In order to have a reasonable estimate of the smooth 2D surface, GAMs
require fairly large amount of observations. As a result, run time
can be an issue -- especially when modeling 2.5 million observations!
Thankfully, the \code{bam} function has a \code{cluster} argument
which allows one to distribute computations across multiple cores
using the built in \pkg{parallel} package.
%
\begin{Schunk}
\begin{Sinput}
library(parallel)
cl <- makeCluster(detectCores() - 1)
library(mgcv)
m <- bam(strike ~ interaction(stand, p_throws, inning_side) +
s(px, pz, by = interaction(stand, p_throws, inning_side)),
data = decisions, family = binomial(link = 'logit'), cluster = cl)
\end{Sinput}
\end{Schunk}
%
This formula models the probability of a strike as a function of the
baseball's spatial location, the batter's stance, the pitcher's throwing
arm, and the side of the inning. Since home pitchers always pitch
during the top of the inning, \code{inning\_side} also serves as
an indication of whether a pitch is thrown by a home pitcher. In this
case, the \code{interaction} function creates a factor with eight
different levels since every input factor has two levels. Consequently,
there are 8 different levels of smooth surfaces over the spatial region
defined by \code{px} and \code{pz}.
The fitted model \code{m} contains a lot of information which \code{strikeFX}
uses in conjunction with any \pkg{ggplot2} facet commands to infer
which and how surfaces should be plotted. In particular, the \code{var.summary}
is used to identify model covariates, as well their default conditioning
values. In our case, the majority of \code{decisions} are from right-handed
pitchers and the top of the inning. Thus, the default conditioning
values are \code{"top"} for \code{inning\_side} and \code{"R"}
for \code{p\_throws}. If different conditioning values are desired,
\code{var.summary} can be modified accordingly. To demonstrate, Figure~\ref{fig:strike-probs}
shows 2 of the 8 possible surfaces that correspond to a right-handed
\emph{away} pitcher.
%
\begin{Schunk}
\begin{Sinput}
away <- list(inning_side = factor("bottom", levels = c("top", "bottom")))

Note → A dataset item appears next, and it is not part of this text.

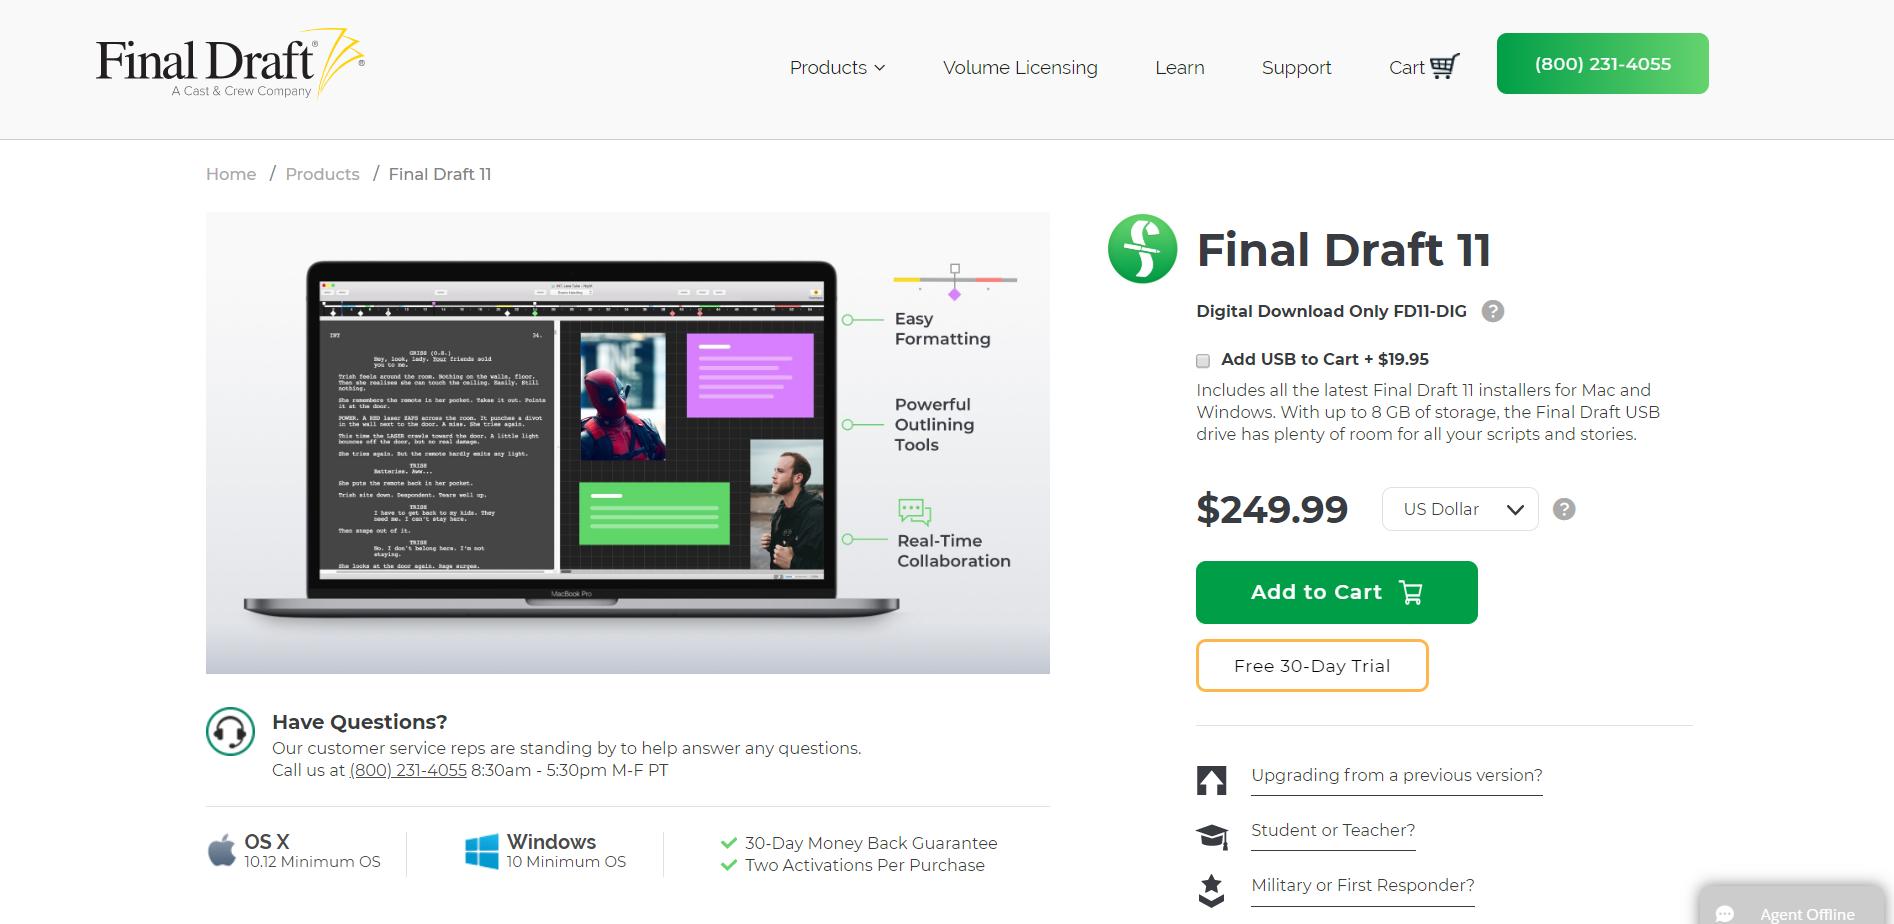 ecommerce-design-principles-final-draft

m$var.summary <- modifyList(m$var.summary, away)
strikeFX(decisions, model = m, layer = facet_grid(. ~ stand, labeller = relabel))
\end{Sinput}
\end{Schunk}
%
\begin{figure}[h]
\centerline{\includegraphics[width=0.95\textwidth]{prob-strike.pdf}}
\caption{\label{fig:strike-probs}Probability that a right-handed away pitcher
receives a called strike (provided the umpire has to make a decision).
Plots are faceted by the handedness of the batter.}
\end{figure}
Using the same intuition exploited earlier to obtain differenced density
plots, we can easily obtain differenced probability plots. To obtain
Figure~\ref{fig:diff-probs}, we simply add \code{p\_throws} as
another facet variable and \code{inning\_side} as a differencing
variable. In this case, conditioning values do not matter since every
one of the 8 surfaces are required in order to produce Figure~\ref{fig:diff-probs}.
%
\begin{Schunk}
\begin{Sinput}
# Function to create better labels for both stand and p_throws
relabel2 <- function(variable, value) {
if (variable %in% "stand")
return(sub("^L$", "Left-Handed Batter",
sub("^R$", "Right-Handed Batter", value)))
if (variable %in% "p_throws")
return(sub("^L$", "Left-Handed Pitcher",
sub("^R$", "Right-Handed Pitcher", value)))
}
strikeFX(decisions, model = m, layer = facet_grid(p_throws ~ stand, labeller = relabel2),
density1 = list(inning_side = "top"), density2 = list(inning_side = "bottom"))
\end{Sinput}
\end{Schunk}
%
\begin{figure}[h]
\centerline{\includegraphics[scale = 1]{prob-diff.pdf}}
\caption{\label{fig:diff-probs}Difference between home and away pitchers in
the probability of a strike (provided the umpire has to make a decision).
The blue regions indicate a higher probability of a strike for home
pitchers and red regions indicate a higher probability of a strike
for away pitchers. Plots are faceted by the handedness of both the
pitcher and the batter.}
\end{figure}
The four different plots in Figure~\ref{fig:diff-probs} represent
the four different combination of values among \code{p\_throws} and
\code{stand}. In general, provided that a pitcher throws to a batter
in the blue region, the pitch is more likely to be called a strike
if the pitcher is on their home turf. Interestingly, there is a well-defined
blue elliptical band around the boundaries of the typical strike-zone.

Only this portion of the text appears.